Effects of Working Pressure on the Structure and Electrical Properties of AlScN Thin Films

Since ferroelectric properties of Al1-xScxN thin films were experimentally confirmed in 2019, wurtzite-structured ferroelectric materials have received worldwide attention. However, the strong dependence of their ferroelectric performance on deposition parameters still remains a significant challenge, limiting their reliable integration into practical device applications. This study aims to systematically investigate the influence of sputtering working pressure on microstructural evolution and resultant ferroelectric properties of Al1-xScxN thin films. The primary goal is to identify the optimal pressure window that yields superior ferroelectric performance and to understand the underlying structure-property relationships.

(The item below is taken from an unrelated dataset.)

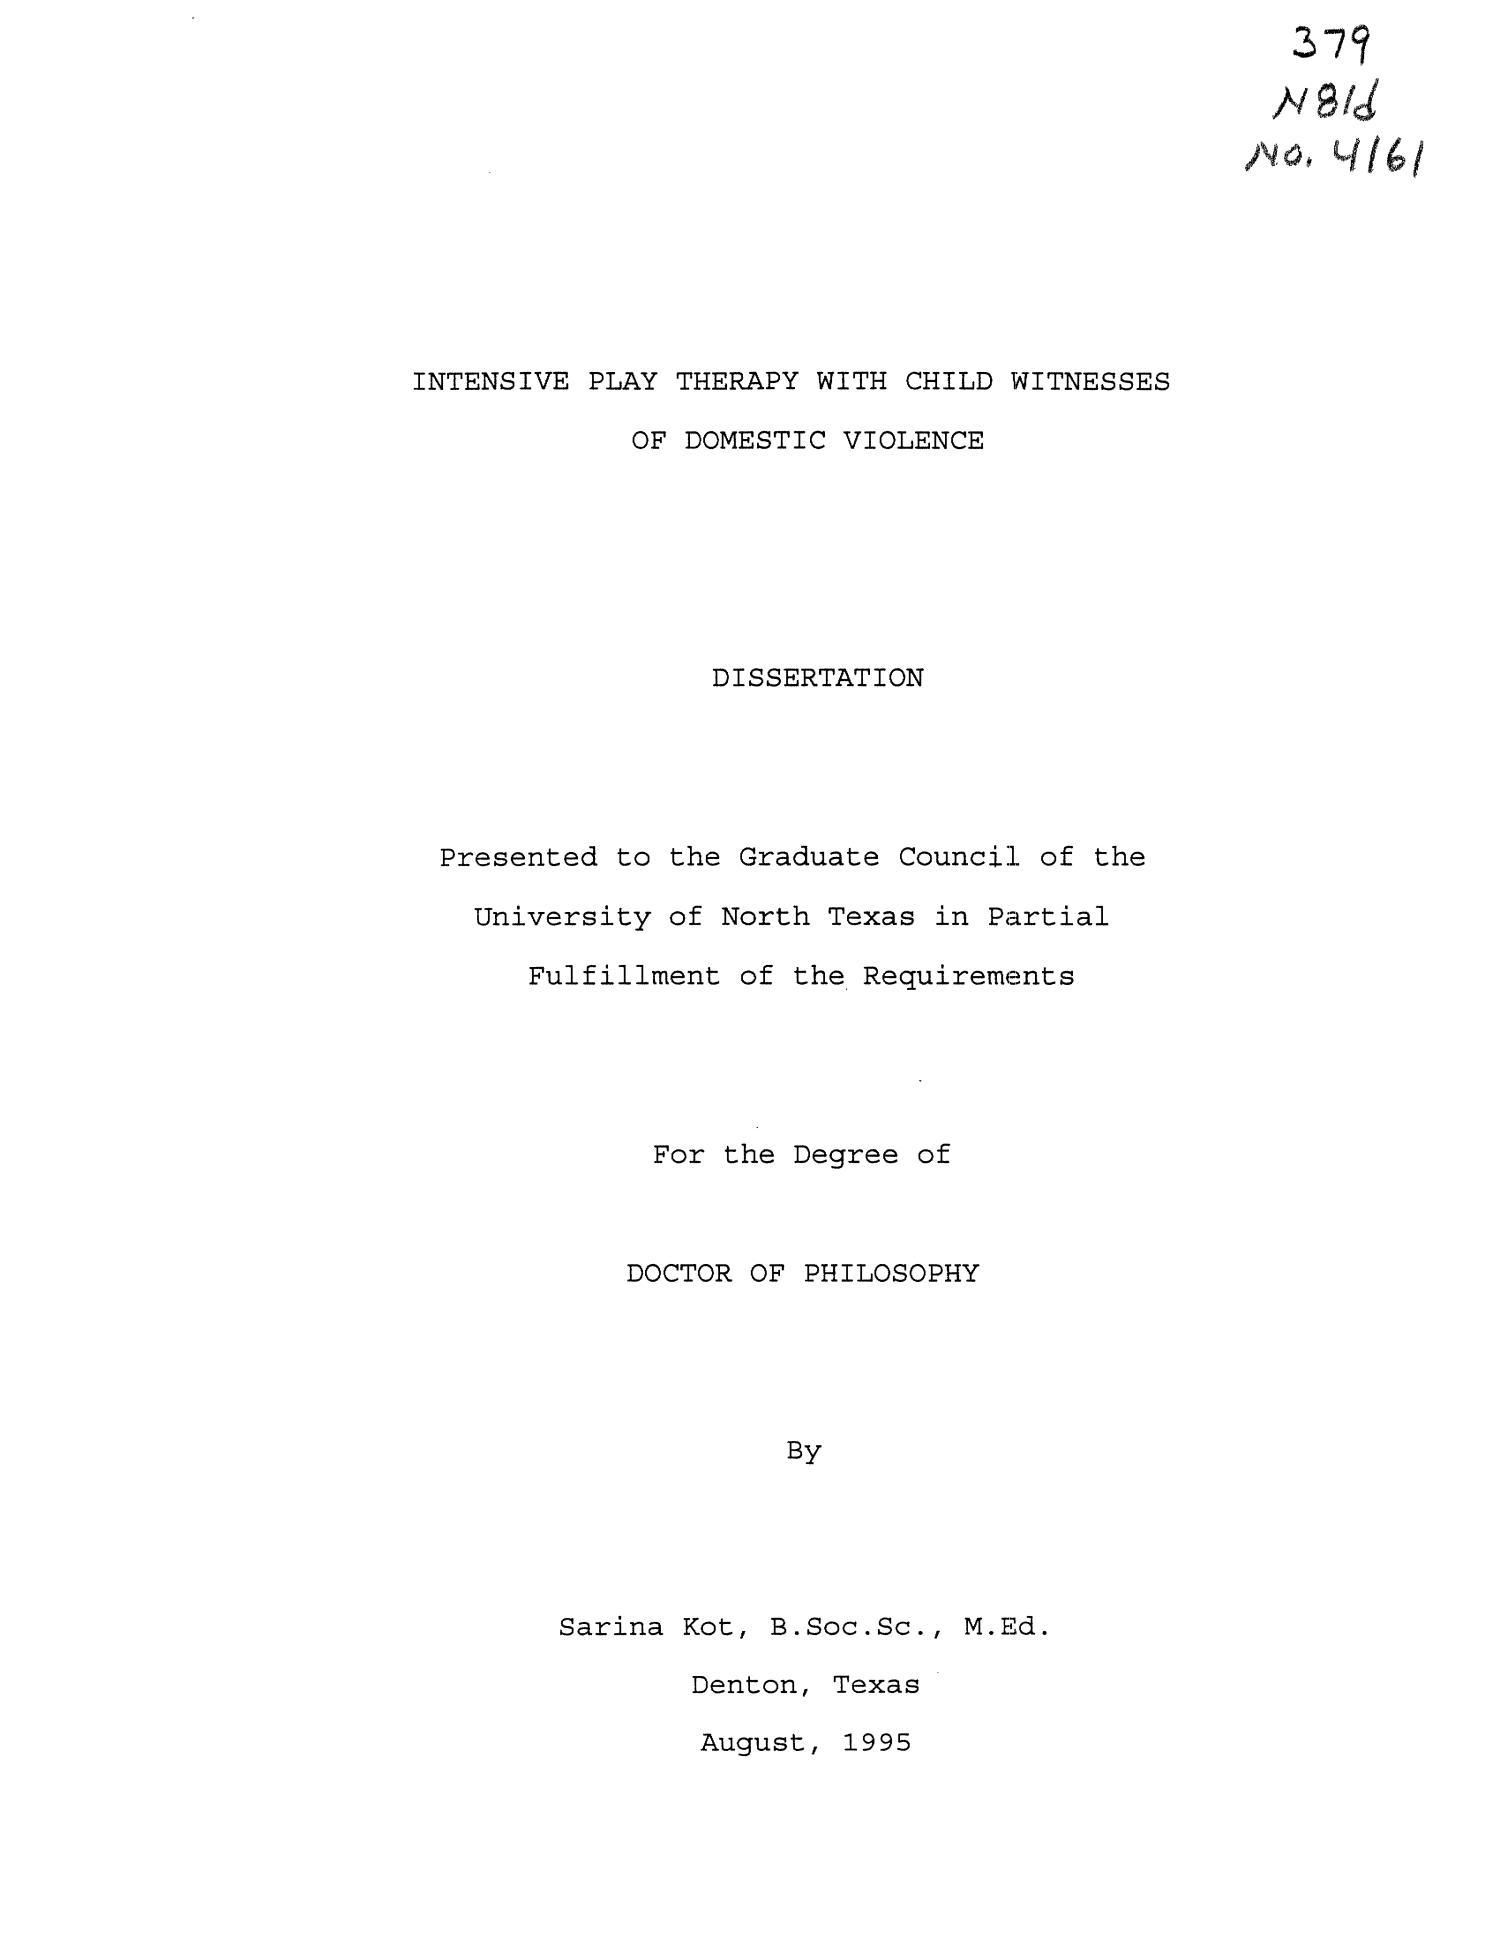 domestic violence dissertation titles

Al0.71Sc0.29N thin films were deposited on silicon substrates using reactive magnetron sputtering in a pure nitrogen atmosphere, and experienced the working pressure varied from 0.27 Pa to 1.33 Pa. The correlation between crystal structure, surface morphology, and ferroelectric properties of the thin film was analyzed. The results showed that the working pressure significantly affected crystallization quality of Al0.71Sc0.29N thin films, among which prepared under 0.52 Pa had the best crystallization quality and excellent ferroelectric properties. As the working pressure increased, the pyramid-like structures began to appear on surface of the film and gradually increased, while the static leakage current also gradually decreased. This work conclusively demonstrates that sputtering working pressure is one of the decisive factors in tuning microstructure and ferroelectricity of Al1-xScxN films. The correlation between working pressure-induced morphological changes and leakage current suppression offers valuable insights for engineering high-performance wurtzite ferroelectric devices.